--- EXERCISE DATA Enclosed Below ---

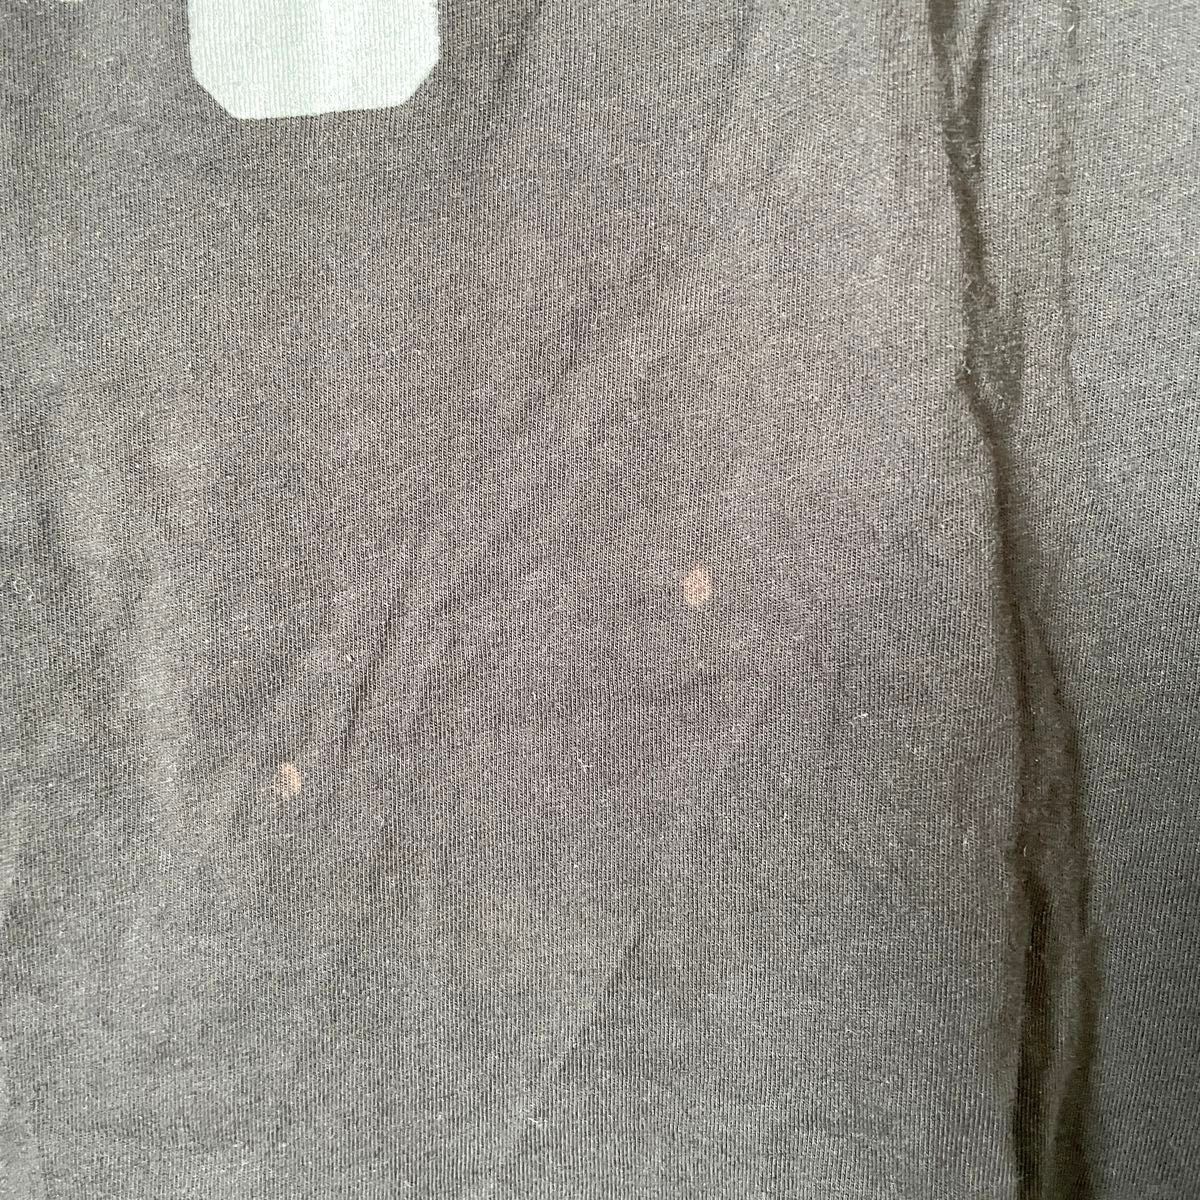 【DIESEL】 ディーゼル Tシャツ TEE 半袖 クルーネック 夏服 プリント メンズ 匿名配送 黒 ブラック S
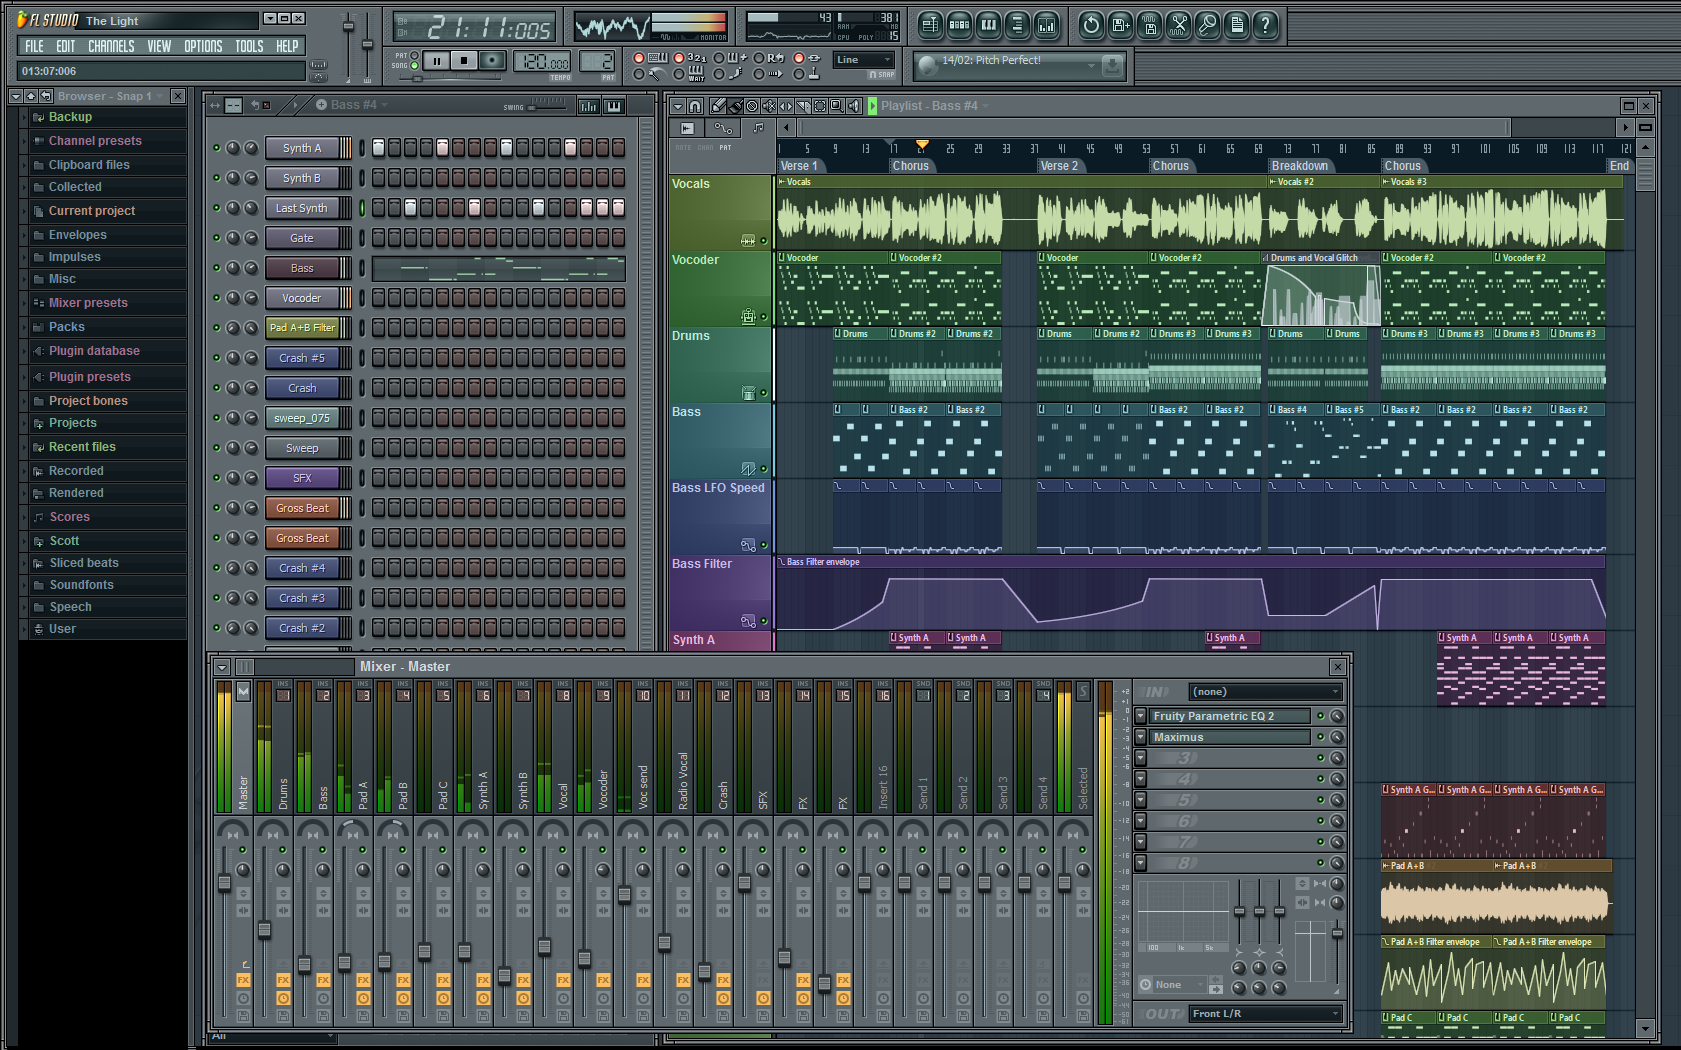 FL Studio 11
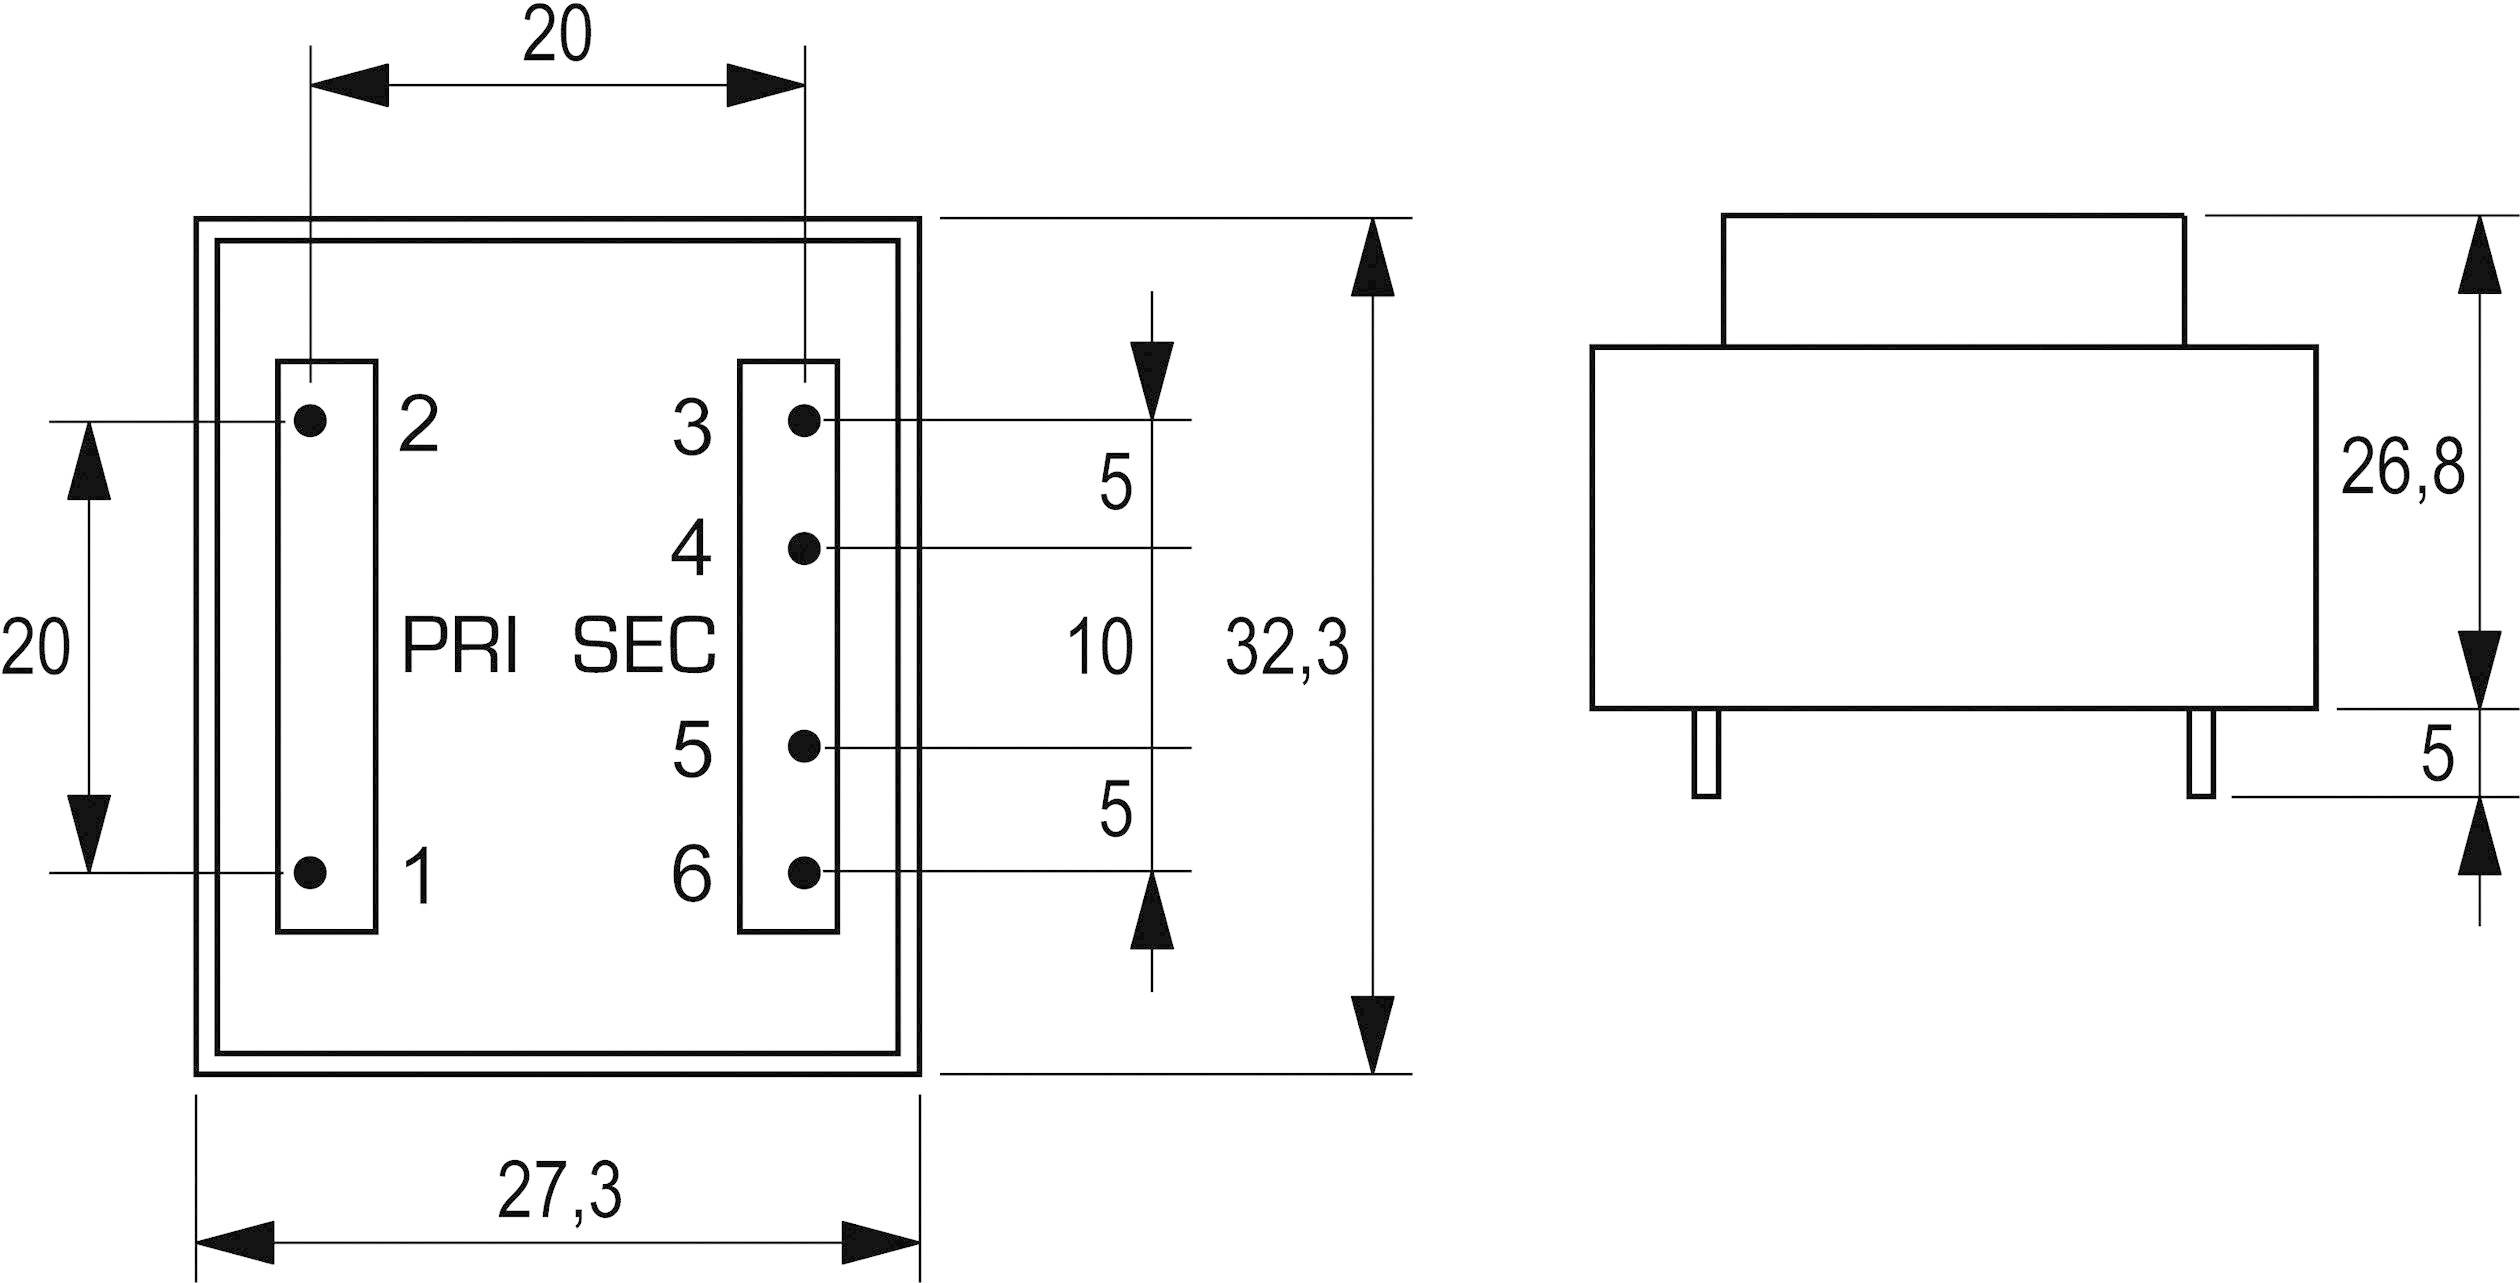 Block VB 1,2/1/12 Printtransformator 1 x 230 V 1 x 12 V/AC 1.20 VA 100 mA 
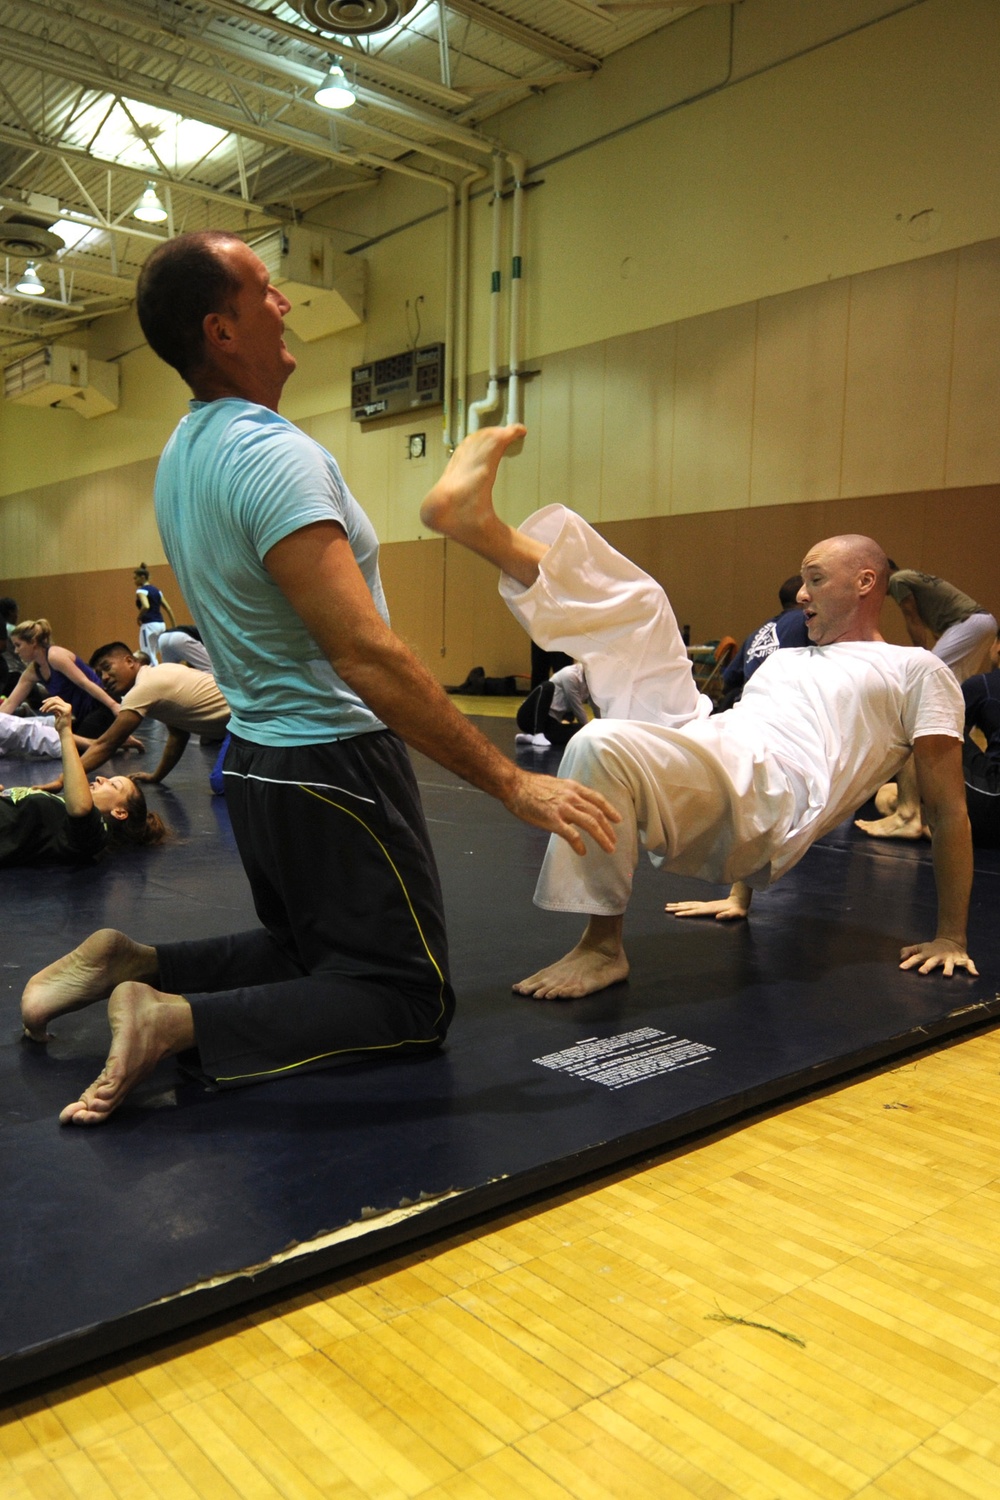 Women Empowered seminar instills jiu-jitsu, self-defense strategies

--- End of Enclosed EXERCISE DATA ---

• _GOAL OF THE EXERCISE_: Please copy the data above word for word, but only from the line that contains "FL Studio 11" through the final line, both included, and without the pictures.

• _ANSWER TO THIS PROBLEM_:
 FL Studio 11
 Block VB 1,2/1/12 Printtransformator 1 x 230 V 1 x 12 V/AC 1.20 VA 100 mA 
 Women Empowered seminar instills jiu-jitsu, self-defense strategies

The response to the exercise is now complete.